6.6. Loss to Follow up
Though the retention rate was high, above 80% in the primary study, the women who were lost to follow up may differ considerably to the other participants in the study; this may affect generalization of the study findings. In addition some outcomes may have been missed due to lost to follow up.
Based on the limitations of the study, the following recommendations are proposed.
Another study designed specifically to answer the question of whether BV is associated with HIV-1 acquisition be conducted, with an adequate sample size and powered to detect a difference in the number of seroconversions between the two groups. The study should take BV as the primary exposure of interest and gather all the information regarding BV results on all the participants. A study describing the association between the treatment of BV and HIV-1 infection acquisition would also be of interest.
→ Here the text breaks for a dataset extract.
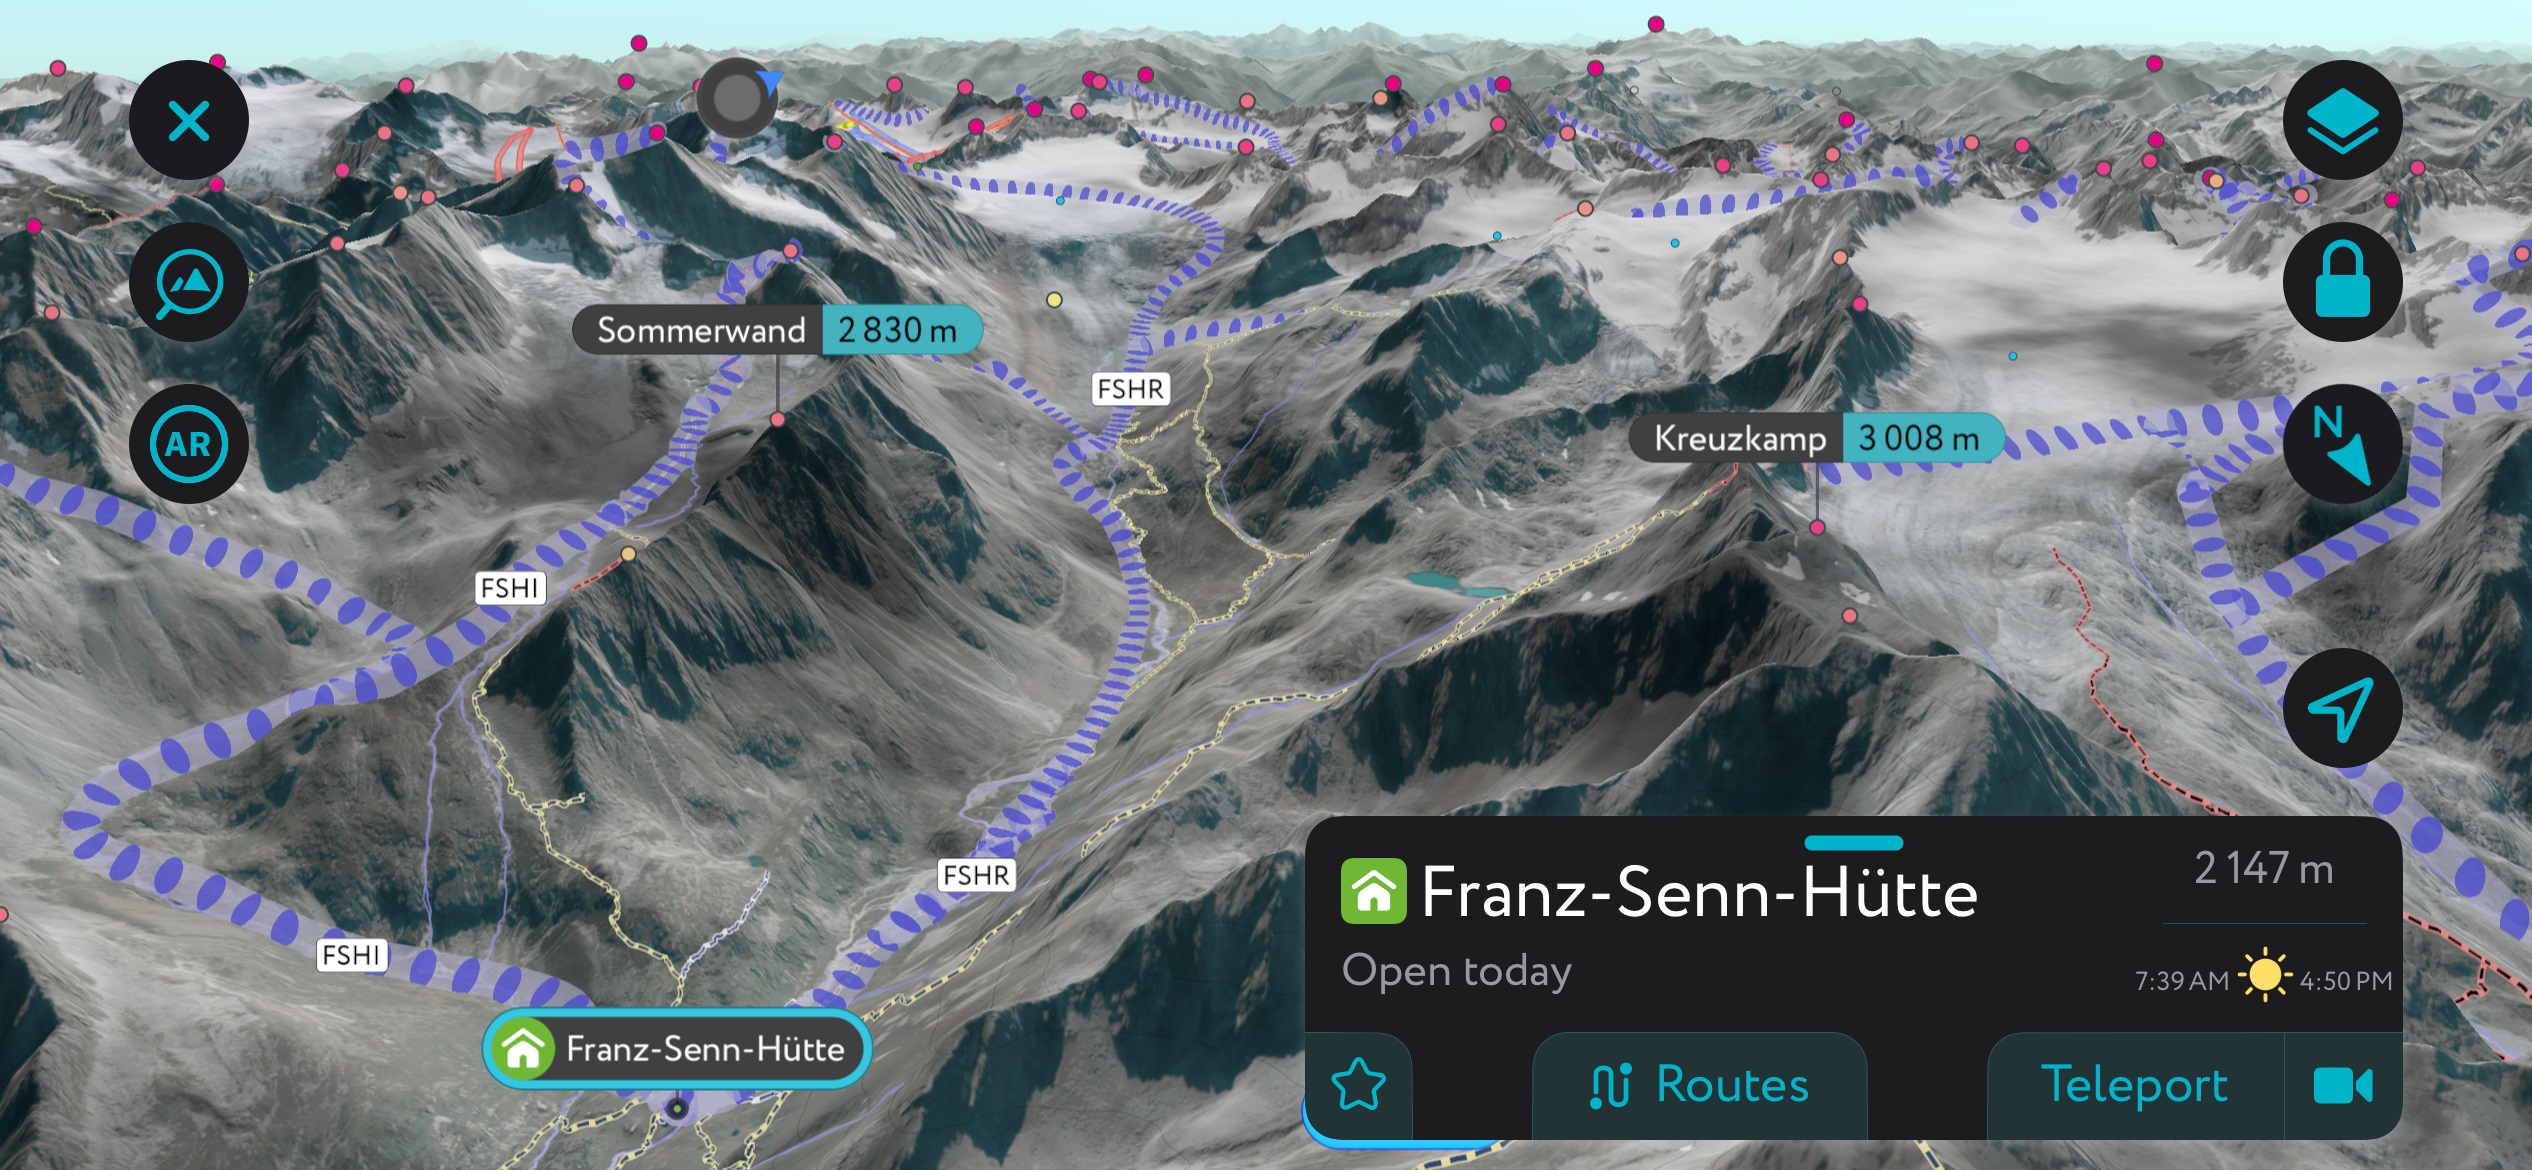 Terrain accessible from the Franz Senn Hut on PeakVisor’s mobile app. The App includes most huts in the Alps, as well as information and scheduling. Stubai Alps

In summary, BV is an ongoing burden among women, evident with its high prevalence in this cohort. This study contributes to the knowledge that BV is associated with HIV infection acquisition. The women who were BV positive were more likely to seroconvert than the women who were BV negative, although not significant. The vaginal discharge caused by BV may interrupt the lives of many women, so improved care should be provided to screen and treat BV in the primary health care settings. Women should also be exposed to education on vaginal cleansing as this predisposes them to BV.
Thanks should go to the Faculty Members, School of Public Health, Witwatersrand University for the guidance when writing the report.
conflict of Interest
Author has no conflict of interest in respect with this research, publication and authorship of this article.